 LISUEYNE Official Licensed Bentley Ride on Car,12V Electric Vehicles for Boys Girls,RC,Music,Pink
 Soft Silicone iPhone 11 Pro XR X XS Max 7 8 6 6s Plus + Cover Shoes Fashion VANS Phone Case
==
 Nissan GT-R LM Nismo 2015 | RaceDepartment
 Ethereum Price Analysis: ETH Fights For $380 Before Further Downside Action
---
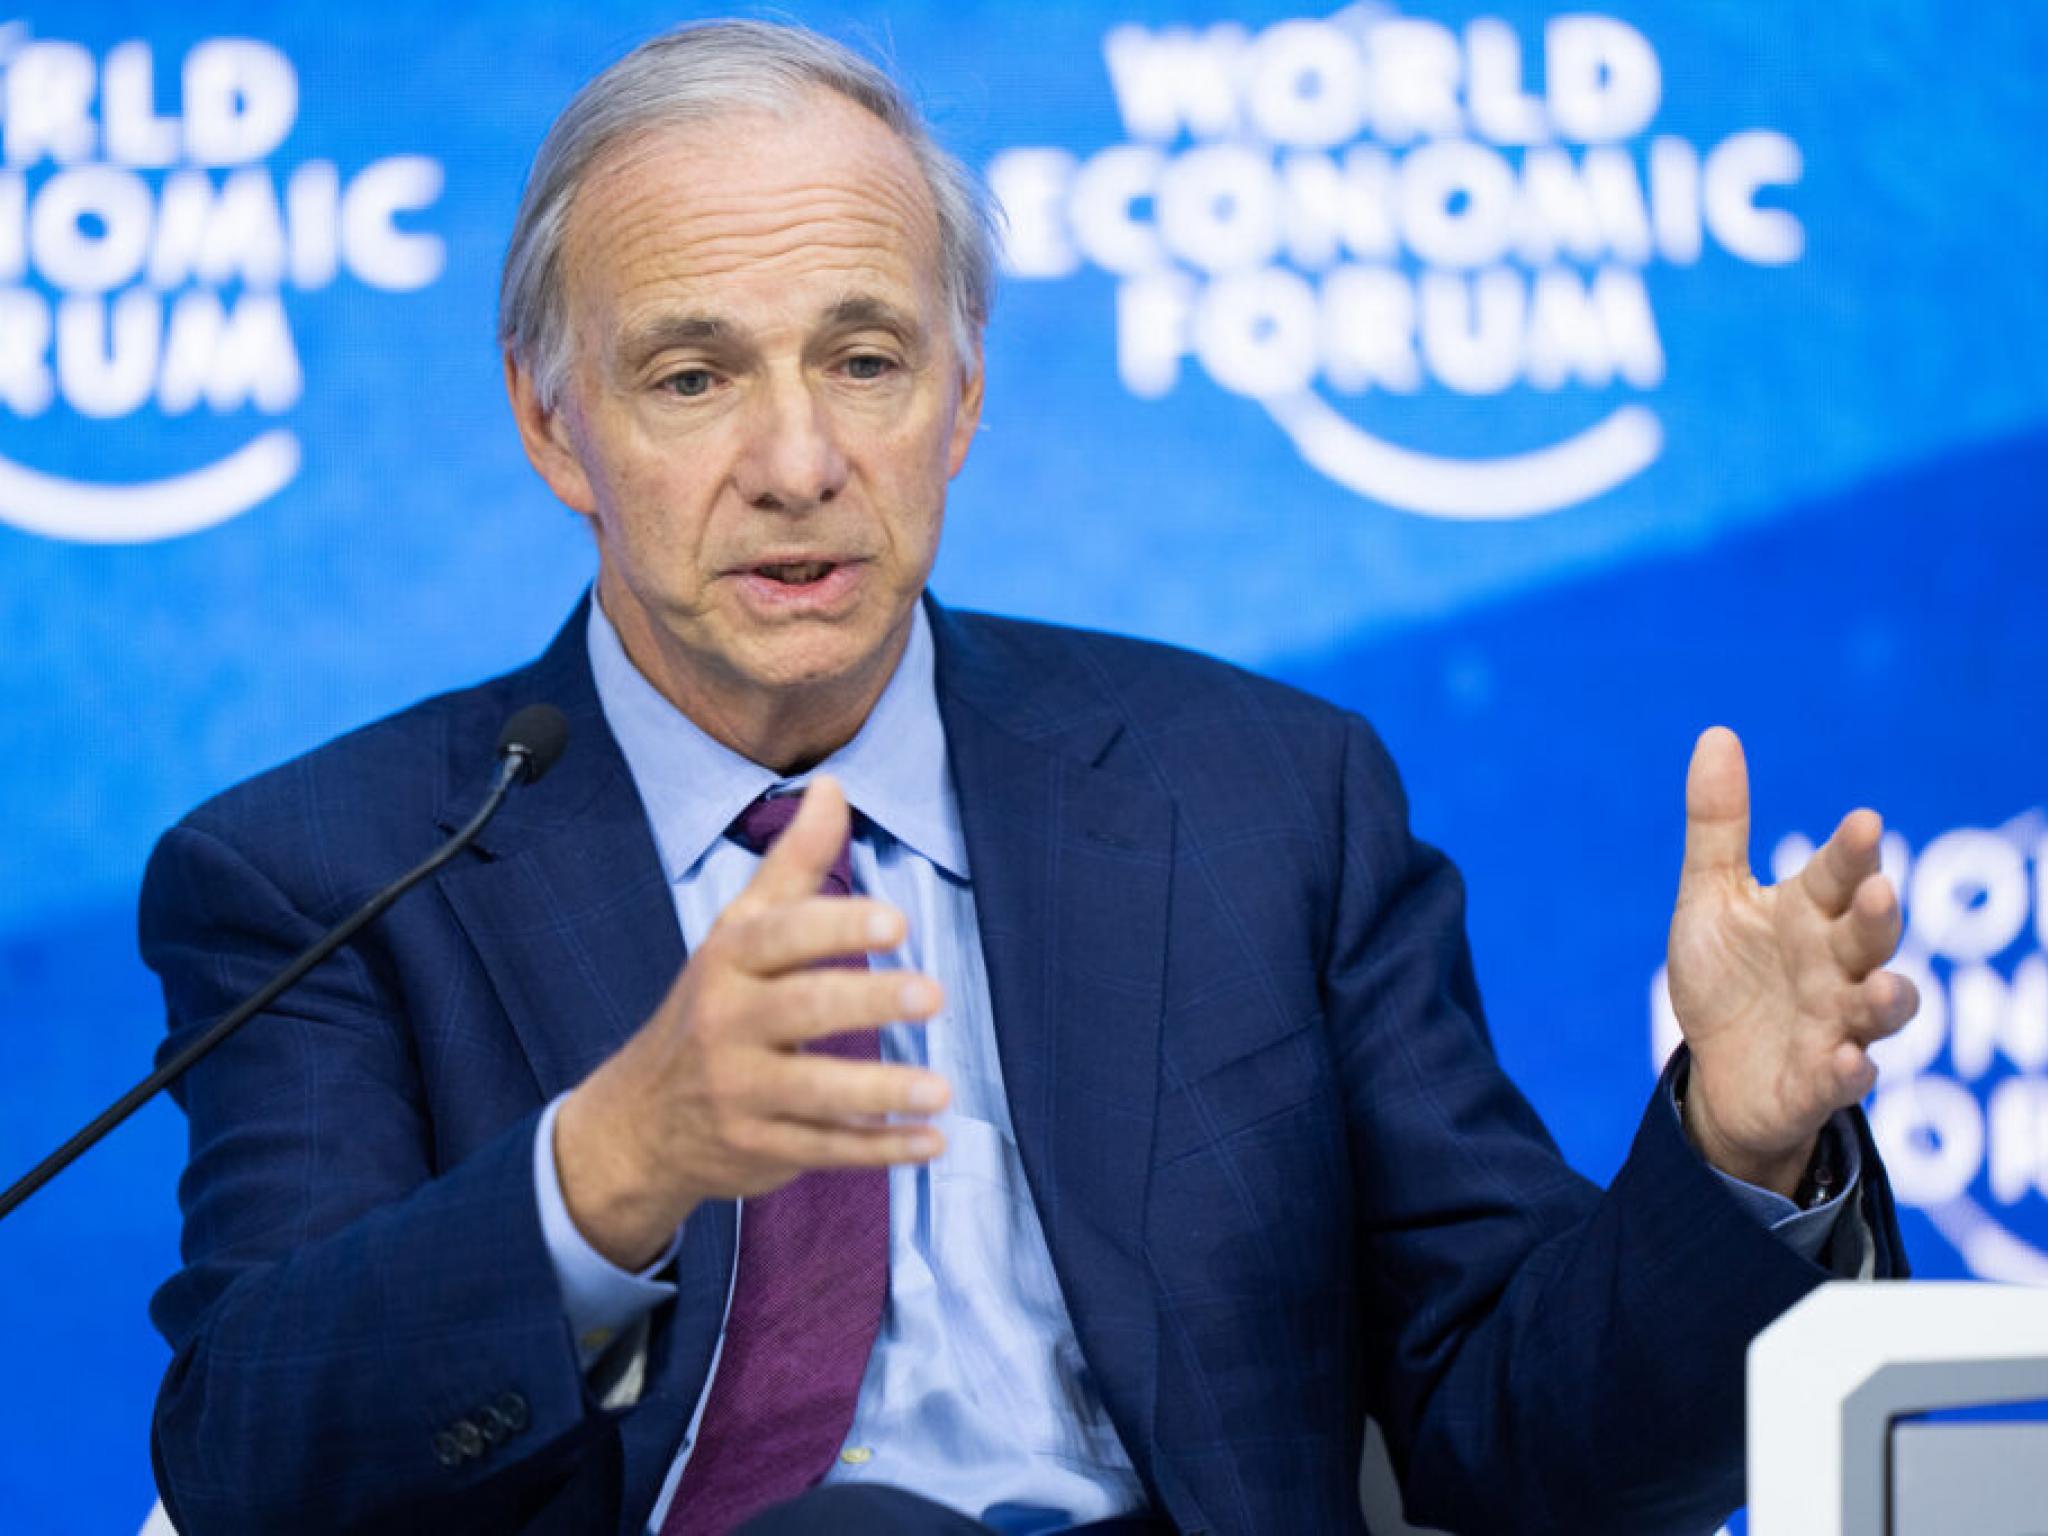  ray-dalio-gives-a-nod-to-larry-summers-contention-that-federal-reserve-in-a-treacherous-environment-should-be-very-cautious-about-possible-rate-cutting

-- Task description --
I'd like the lines above from the one with "LISUEYNE Official Licensed" up to and including the one with "Soft Silicone iPhone" copied exactly, with no other lines.

-- Exercise output --
 LISUEYNE Official Licensed Bentley Ride on Car,12V Electric Vehicles for Boys Girls,RC,Music,Pink
 Soft Silicone iPhone 11 Pro XR X XS Max 7 8 6 6s Plus + Cover Shoes Fashion VANS Phone Case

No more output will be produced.